Lafebre's beginnings are a distant memory. "I was born in 1979 and grew up in the 80s, when there were still plenty of newsstands and magazines," he explains. "But when I reached working age, in the early 2000s, there were few places to publish, and I did what I could." The fact that most magazines were based in Barcelona was fortunate for the cartoonist. "I'd call the editorial offices, take the metro, and show up," he recalls. "I started in magazines like..." Clio either ThursdayBut little by little I realized that I wanted to make long books. My vocation was to be an adventure comic book artist, and I couldn't be that here; publishing output was very limited."

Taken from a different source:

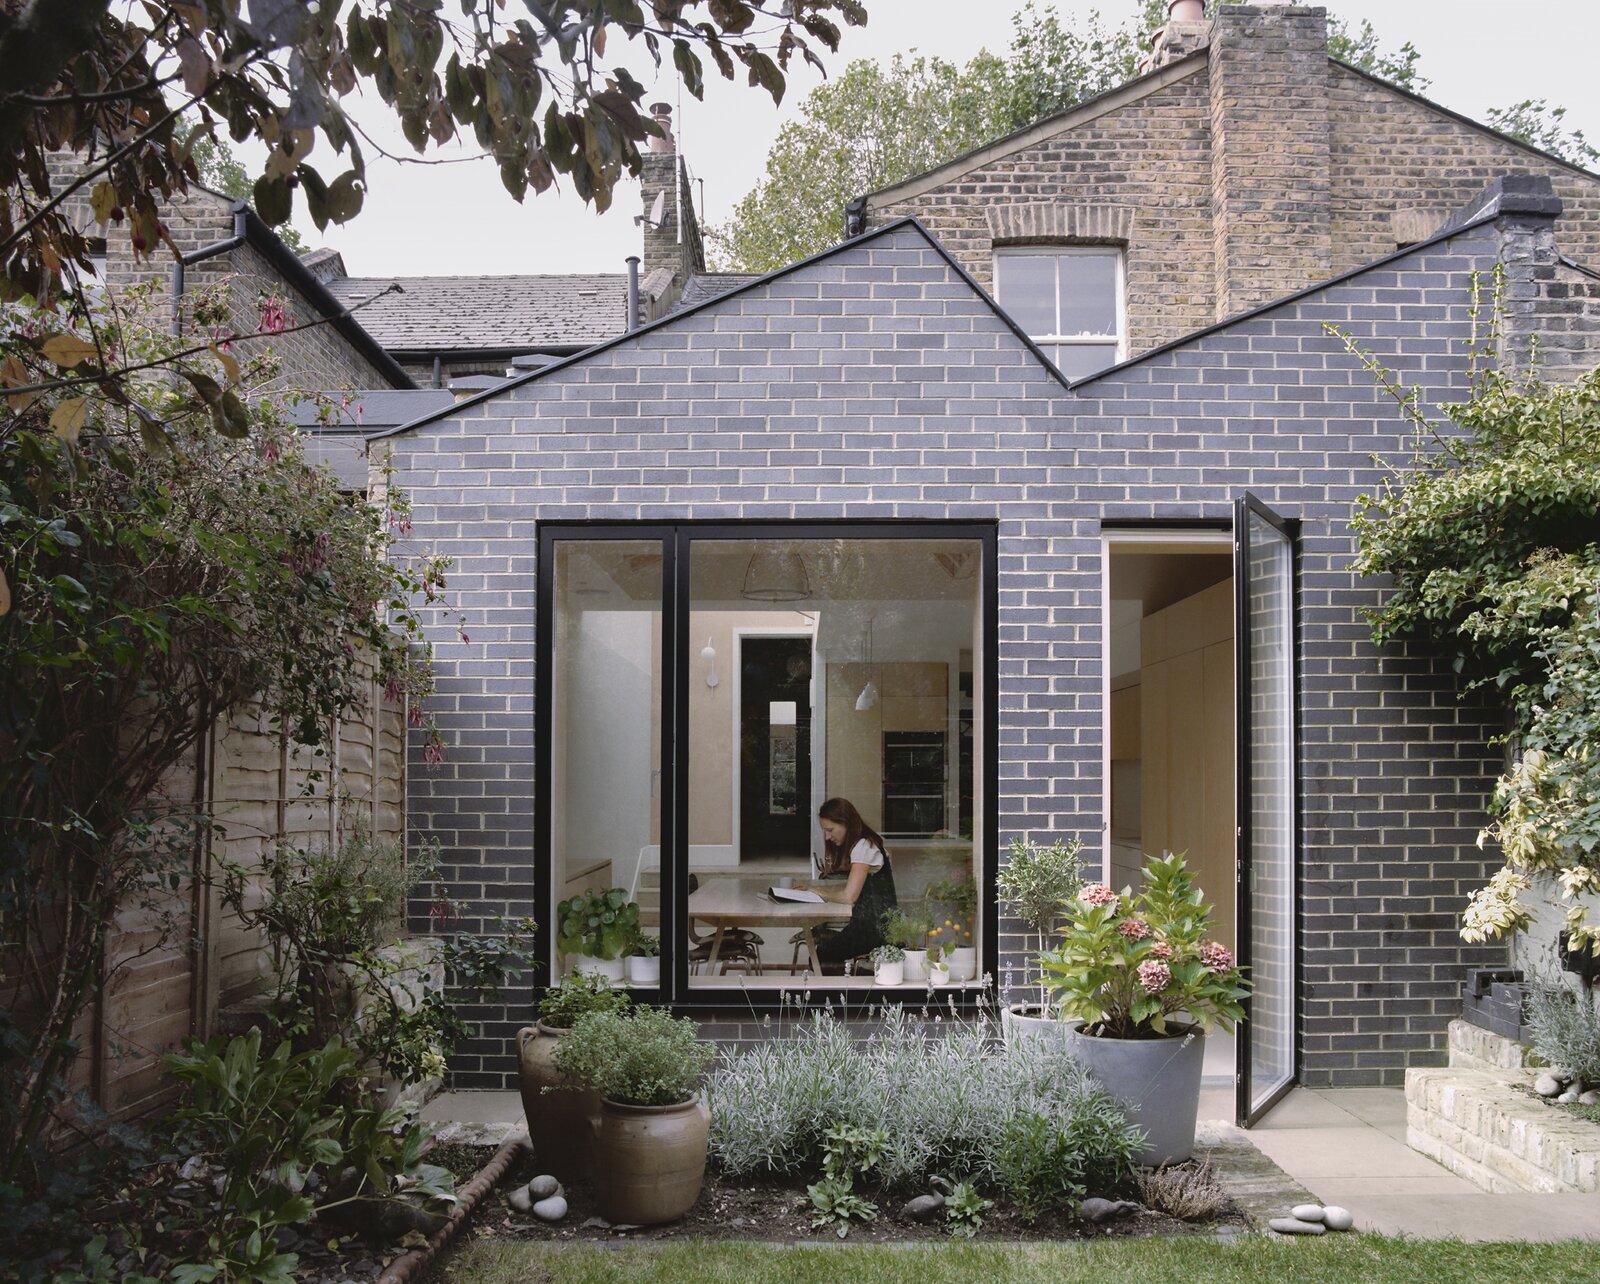 zigzag roof exterior of kitchen extension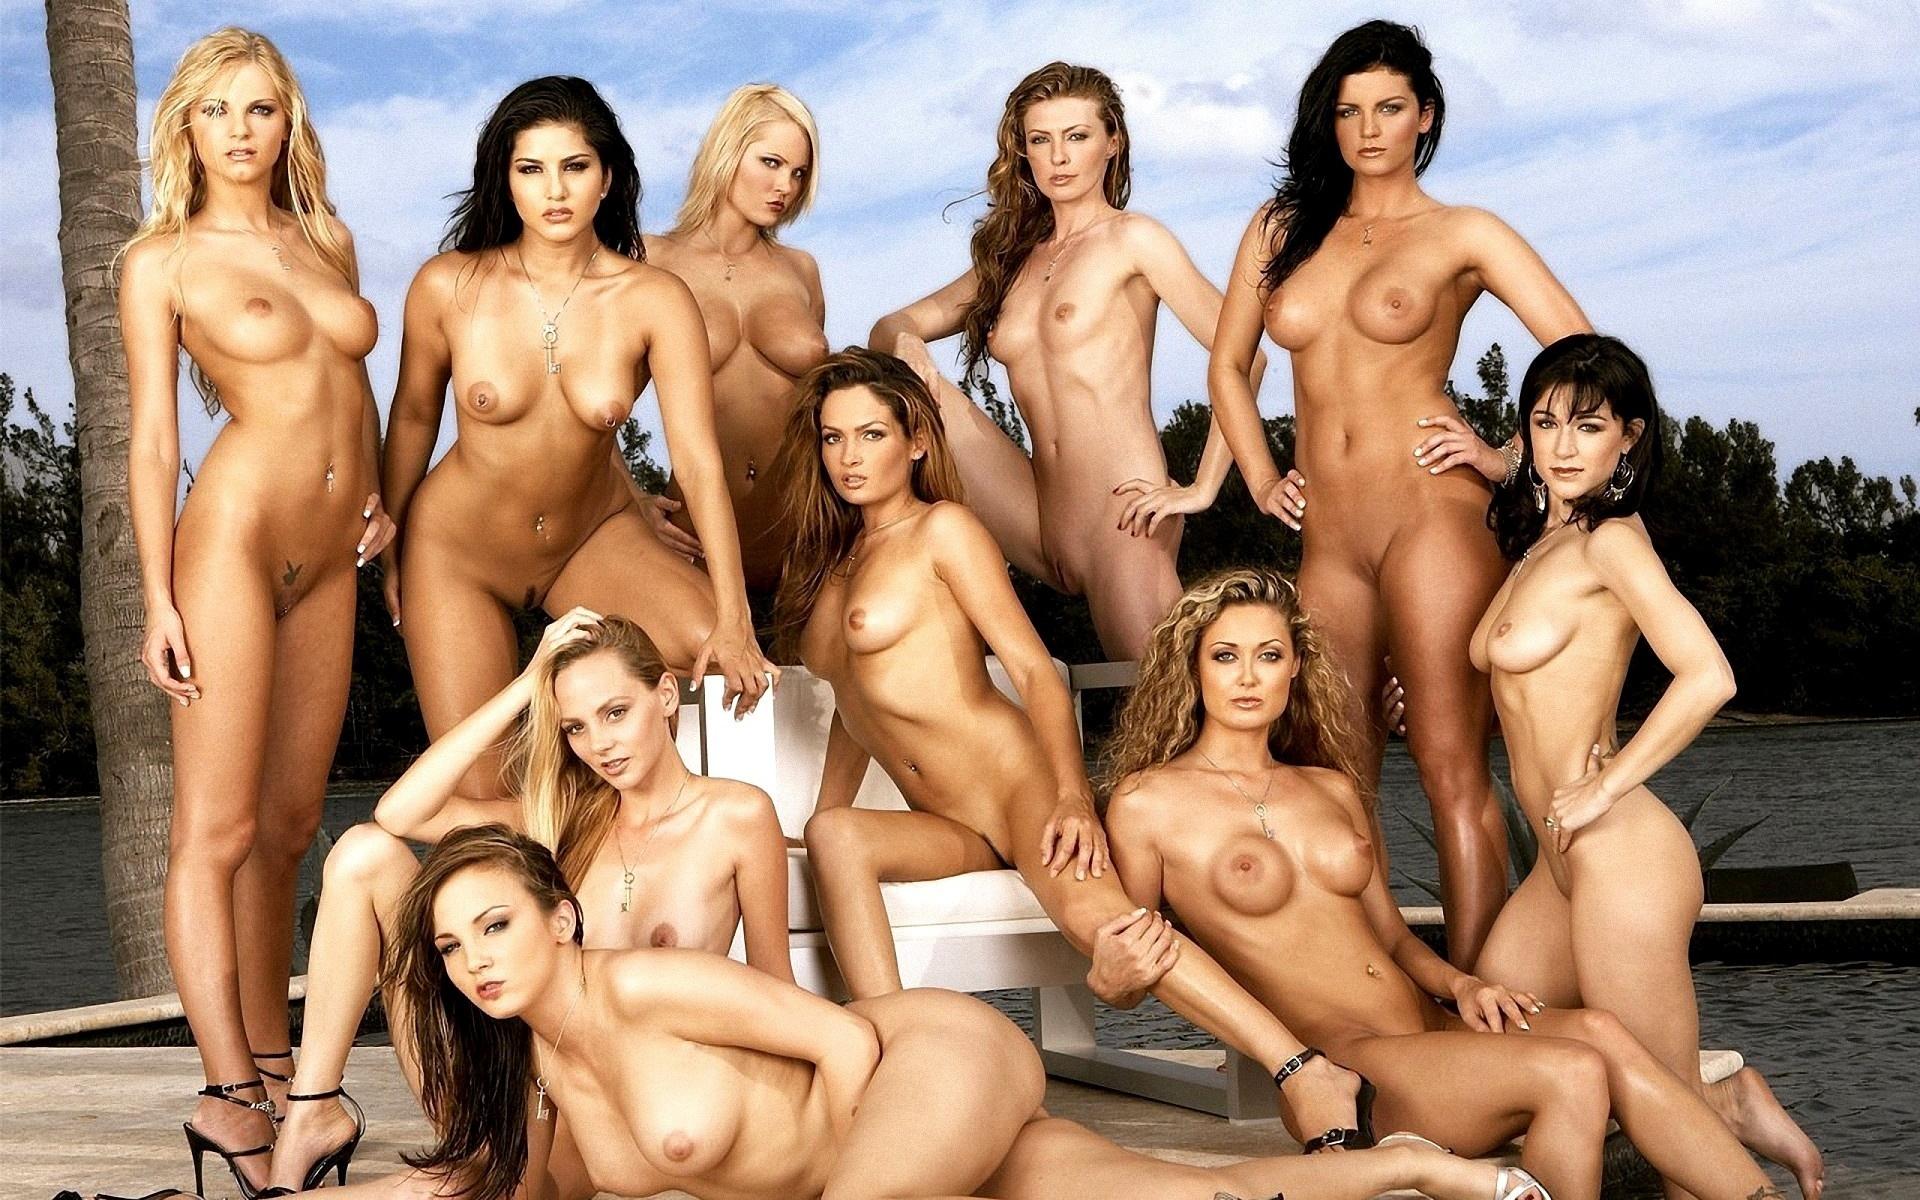 Бабы и девушки голые @ m1bar.com

So, go resort to the Franco-Belgian market“Sales are different there,” he says. “The structure is geared more towards producing long books and selling them everywhere. After knocking on many doors and learning a bit of the language, I found the right people and stayed. I’ve been working at Dargaud for almost seventeen years now, and I feel right at home.” Although Lafebre is open to all kinds of influences, he acknowledges that his DNA as an illustrator “fits more with the Franco-Belgian style.” At first, he didn’t handle the scripts. “I illustrated several books for Zidrou, and I’m very proud of that, but I never forgot that I wanted to write. And when I was almost 40, after becoming a father, I said, ‘It’s now or never.’ I had people who believed in me and the editorial expertise, so I took the plunge.”